Definition of ‘Frontrunning - Front running, also known as tailgating, involves illegally trading a financial asset using inside information about a transaction that will affect the asset price.

What is frontrunning?

Front running refers to trading a financial asset using information about a transaction that is not publicly available that will affect the asset price. Trading using insider knowledge is considered market manipulation and as such is illegal in most markets.

Front running is similar to insider trading. The difference is that insider trading involves a company insider using their knowledge of company activity to trade before a public announcement, whereas front running occurs when the trader is an external party.

Securities market regulators, such as the Securities and Exchange Commission (SEC) in the US, will bring fraud charges against traders alleged to have engaged in front running.

How does front running work?

The term front running comes from the days when traders and brokers waited on the floor of a stock exchange to observe a major share purchase being executed using paper contracts.

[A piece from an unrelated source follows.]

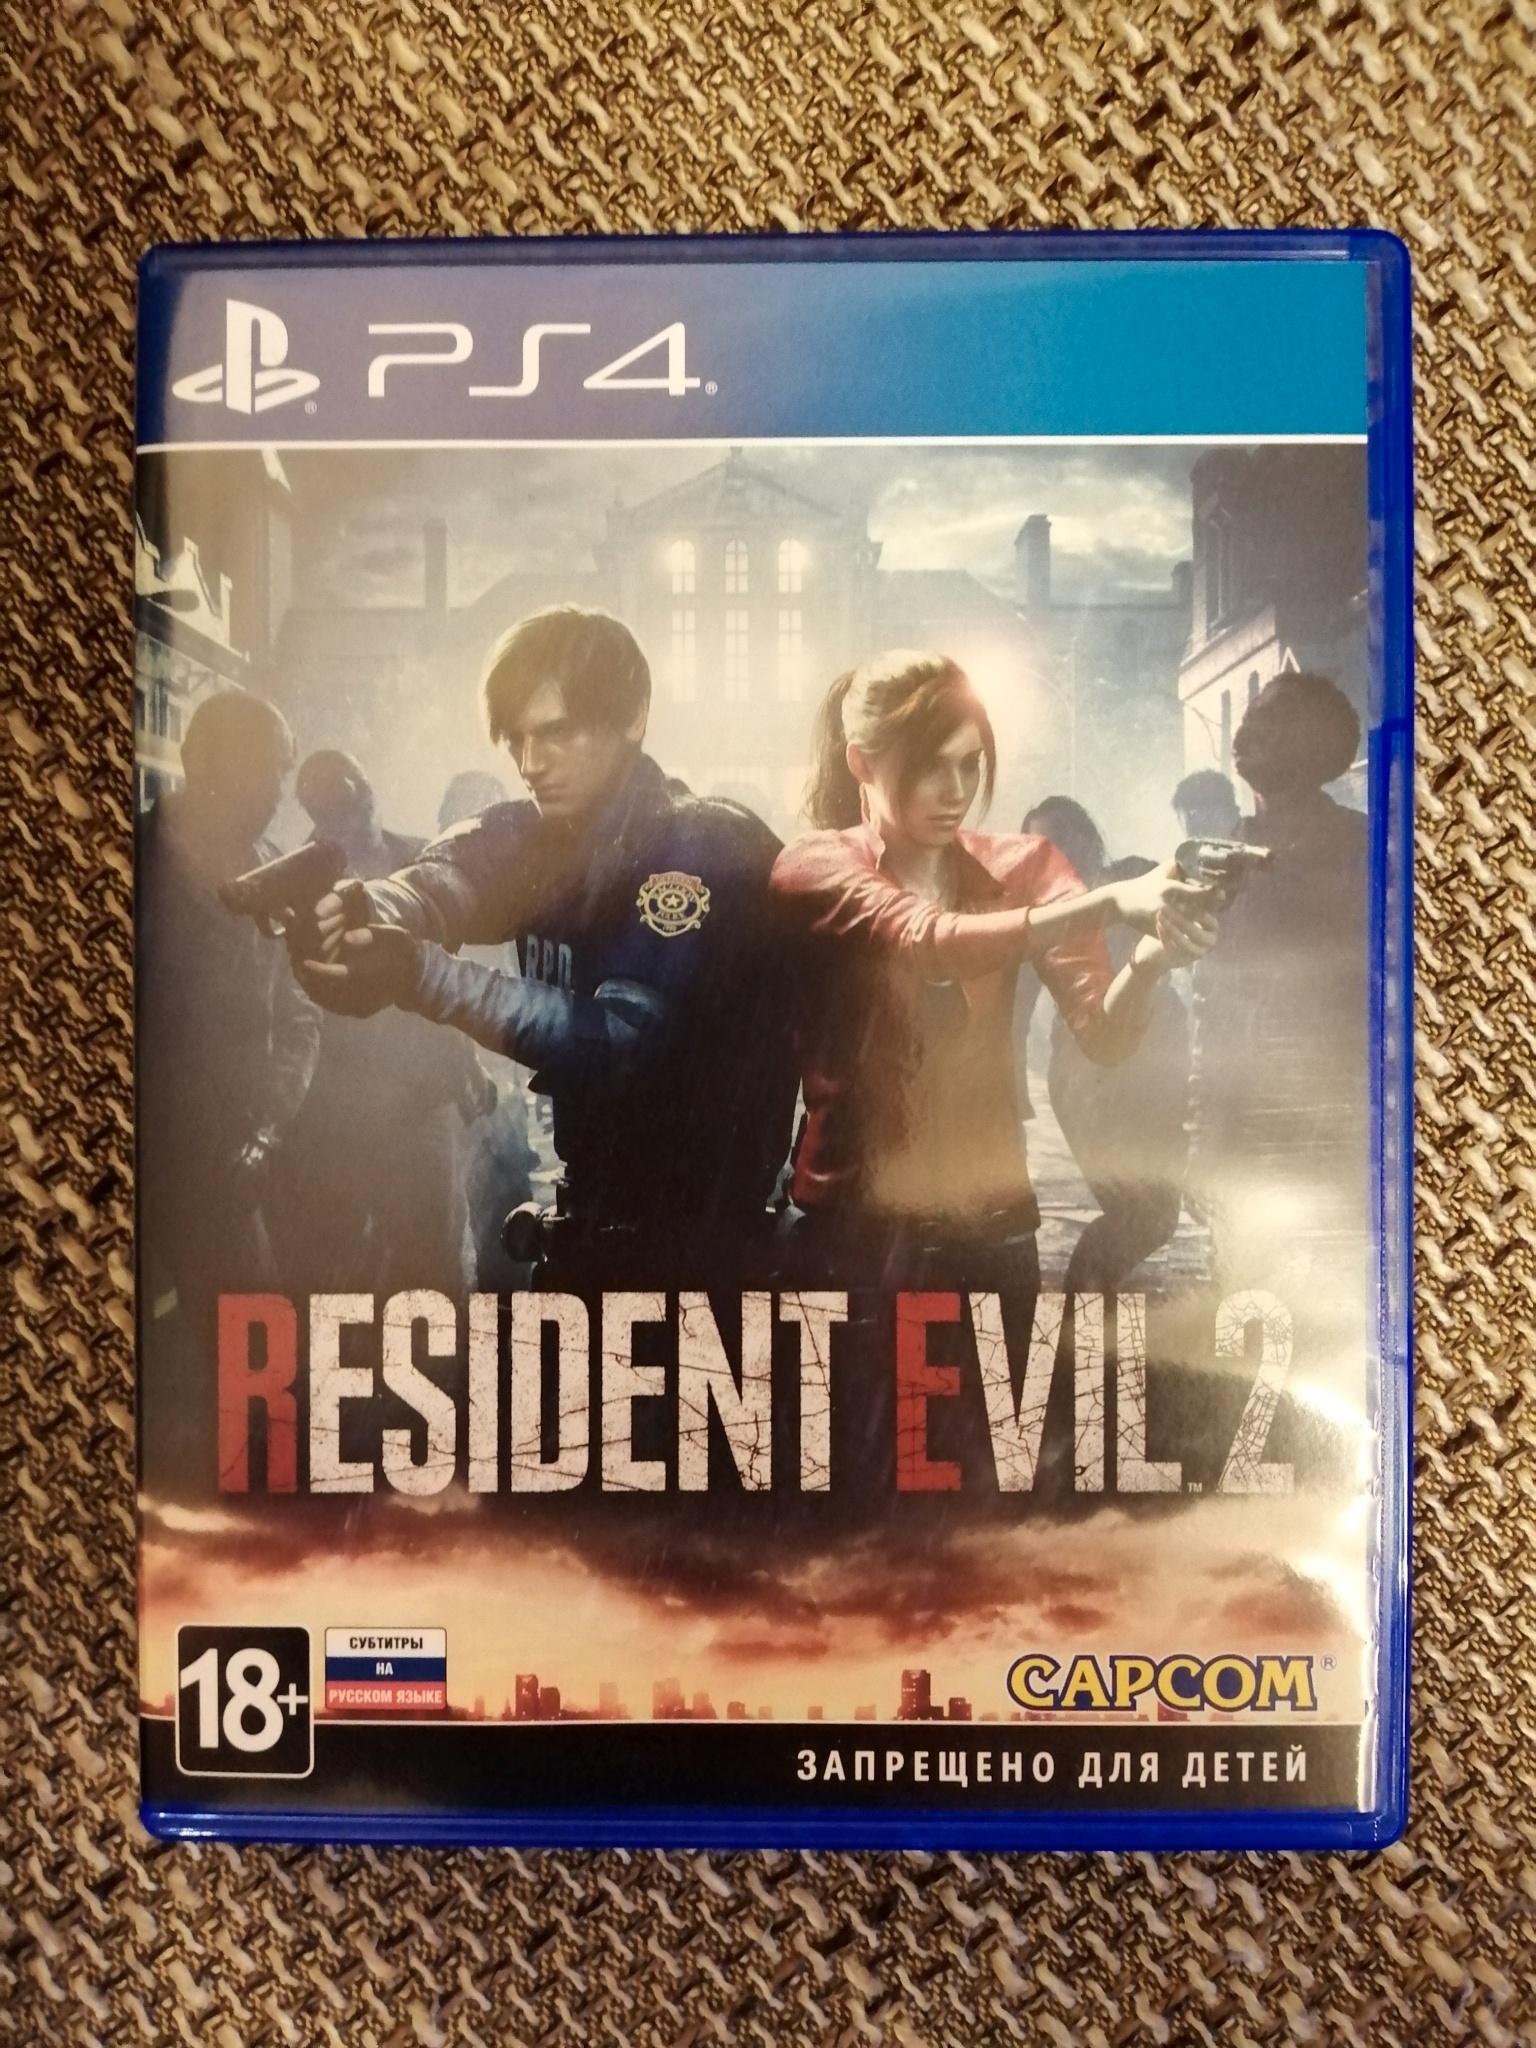 Играть resident evil 2 онлайн

Traders would typically walk between trading desks with their orders, but they would then run ahead of other traders to buy or short the stock based on the information before the share price reacted.

In modern trading, brokers can engage in front running if they receive an order from a client to make a large stock purchase, placing their own order to buy shares before executing the client’s purchase so that they profit from the price moving higher. The growth of automated trading has made it possible for trading robots, or bots, to spot opportunities for front running.

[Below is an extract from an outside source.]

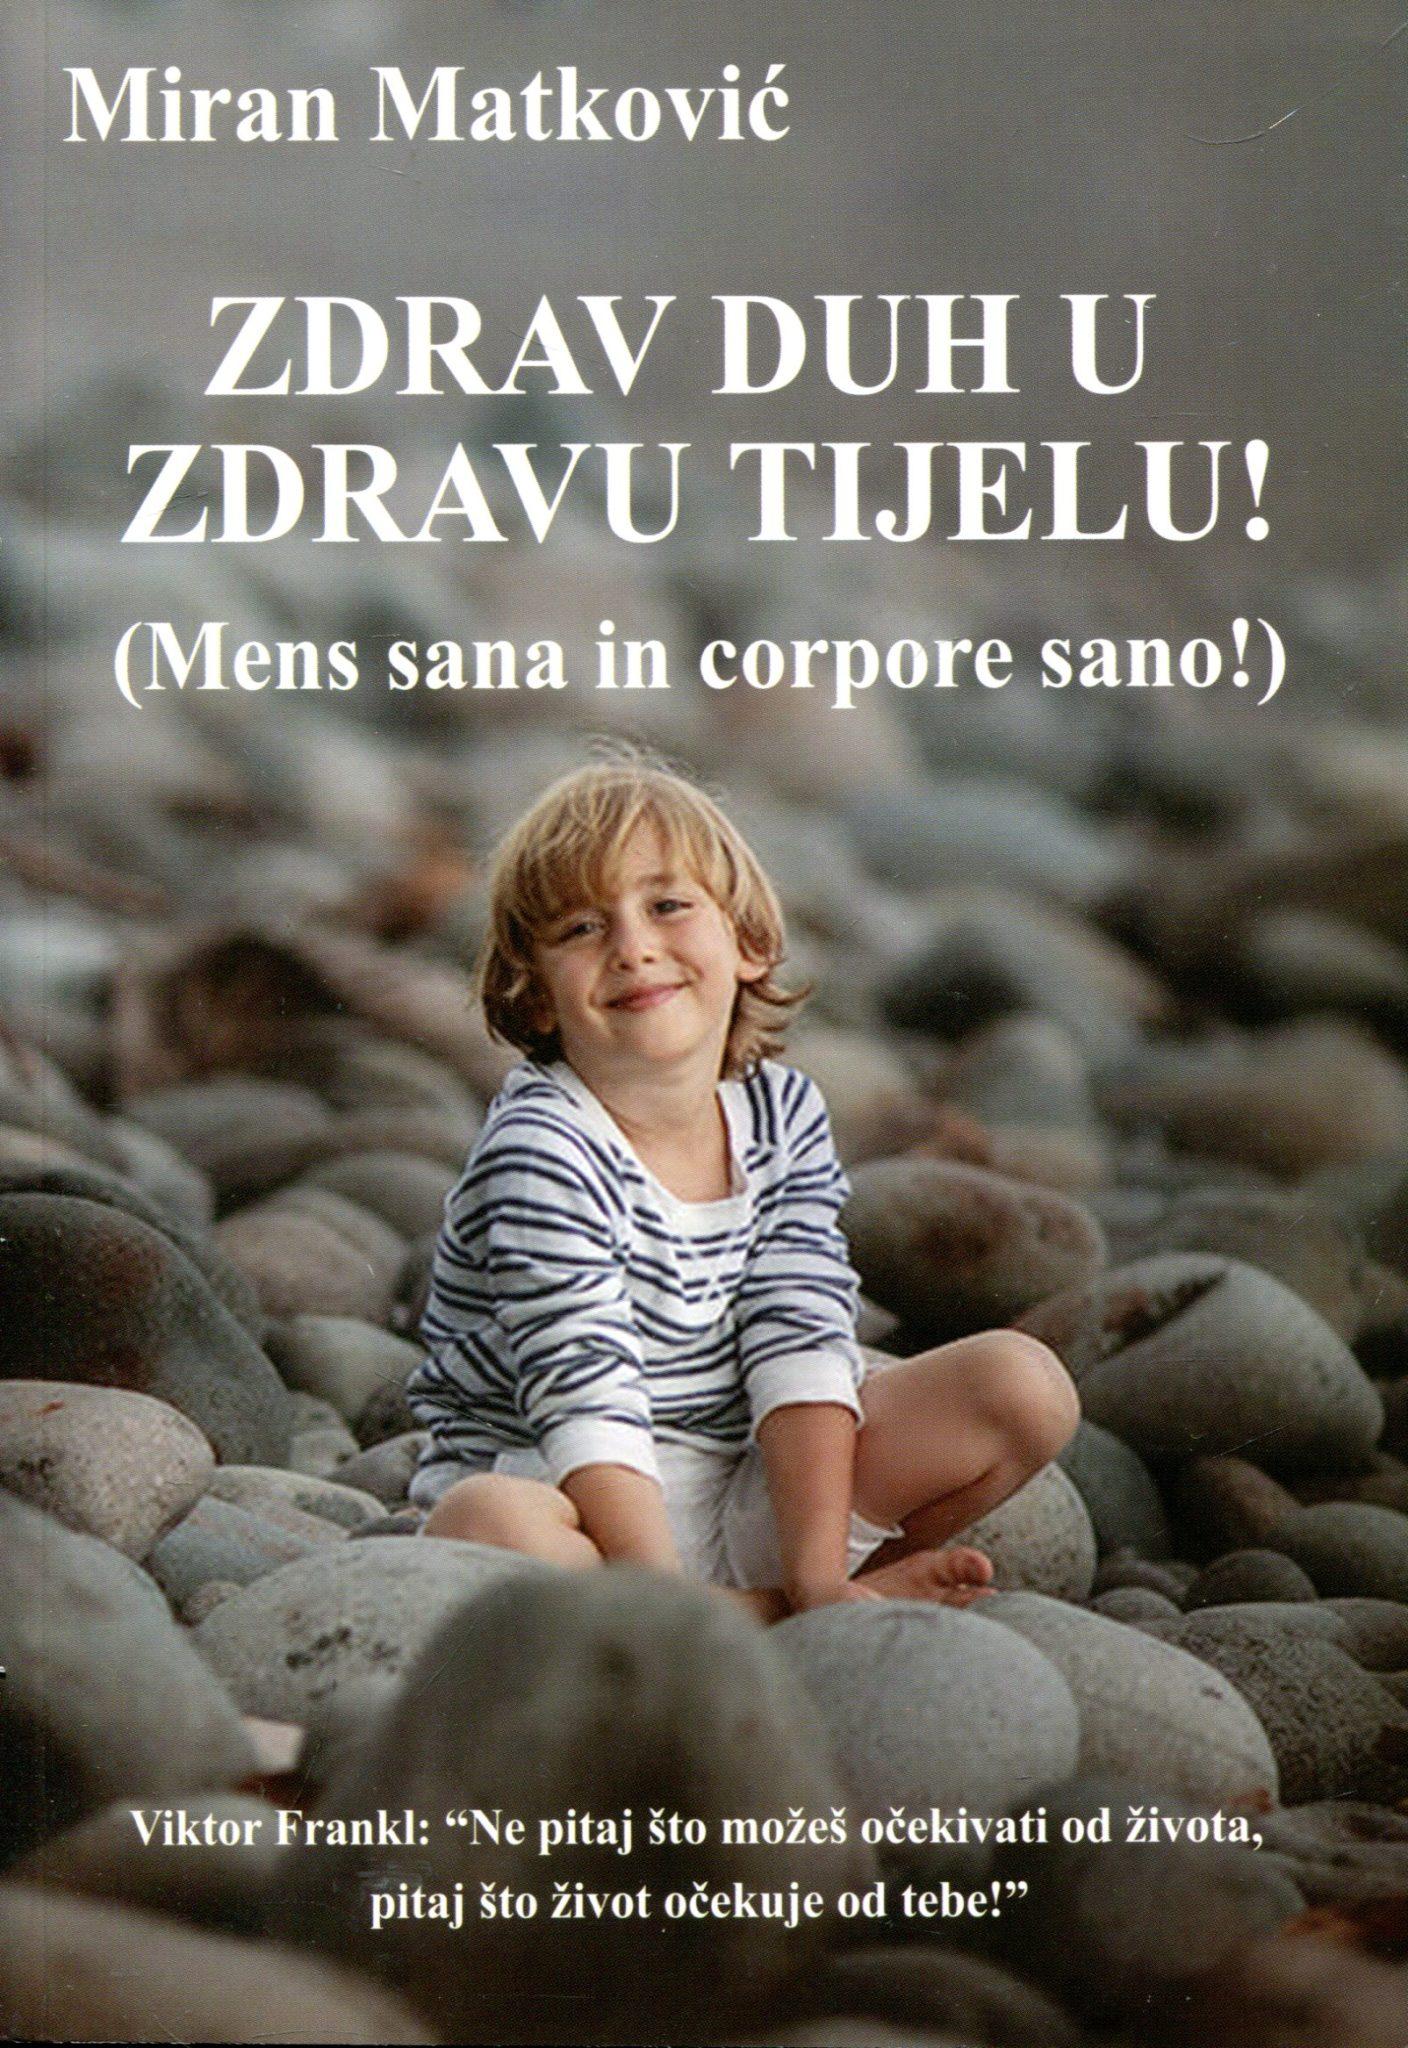 Zdrav duh u zdravu tijelu! Miran Matković

In cryptocurrency markets, miners and full node operators are exposed to information that constitutes front running if they use it to make transactions.

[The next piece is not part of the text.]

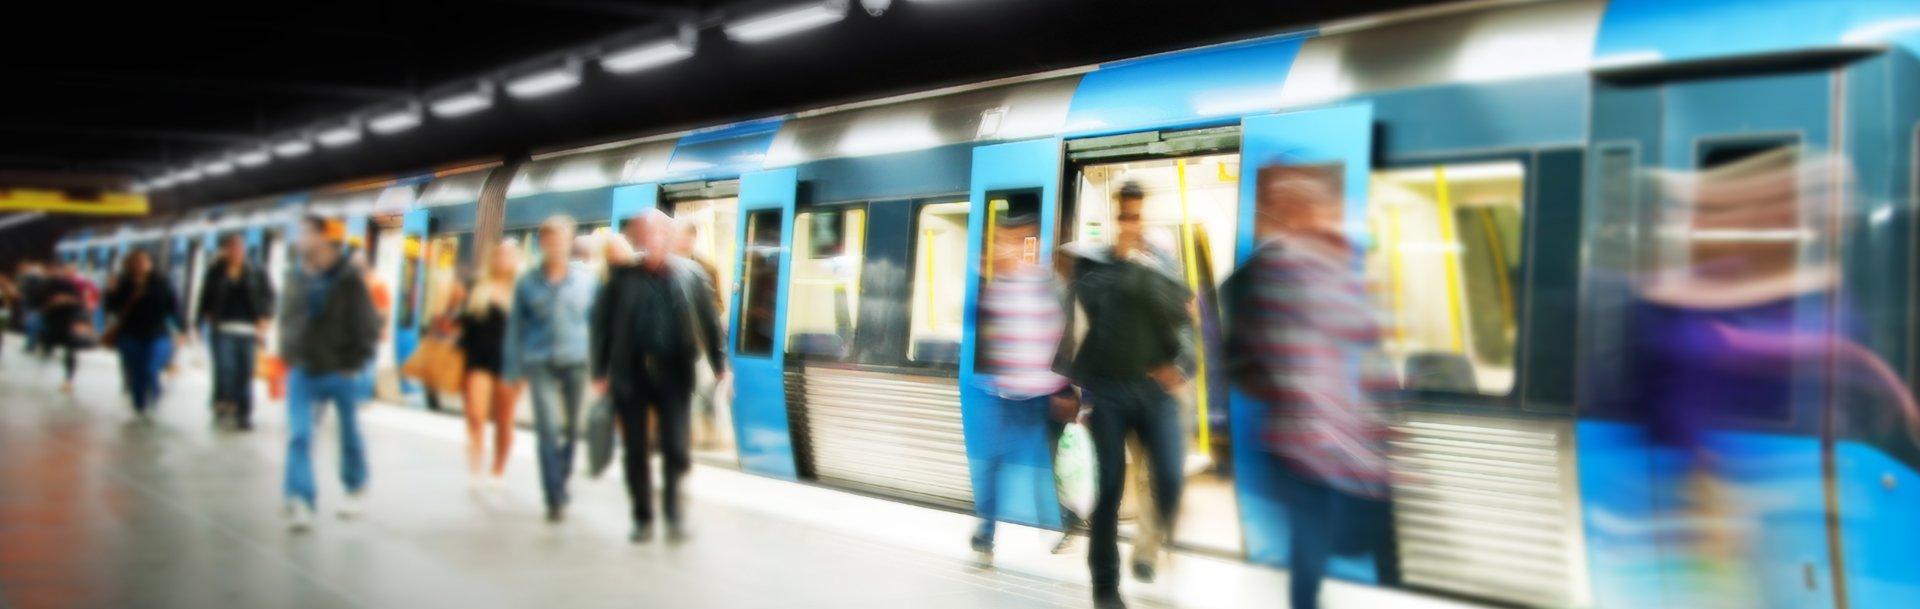 ITRP Series Transportation Panel PCs

Crypto miners can use the delay in confirming transactions on the blockchain to front run them and place a trade for profit.

And full node operators, which monitor blockchain networks, are aware of a major trade in advance.

Traders can also observe the public mempool on a decentralized exchange (DEX) to see which transactions are awaiting blockchain confirmation.

Front runners attempt to gain an advantage by bidding a higher gas price, or processing fee, for their cryptocurrency trade so that miners process their transactions first and they can profit from the coin price movement caused by the high-value trade.

Front running bots have become common on the Ethereum blockchain, where gas fees are volatile.


Is front running legal?

Front running on the securities markets is an illegal practice that can result in fraud charges from the financial regulator and criminal charges from local law enforcement. Cryptocurrency markets are unregulated, and the use of bots in front running transactions mean that while the practice is becoming more common, there have been no charges against crypto traders.

What is front running in crypto?

Front running in cryptocurrency markets involves miners, full node operators, and traders using their knowledge of pending blockchain transactions to trade coins or bid higher gas prices to get their transactions processed ahead of market-moving trades.

What does it mean when a transaction is front run?

Front running a transaction involves rushing to complete a trade ahead of a high-value transaction, to profit from the change in price it will cause.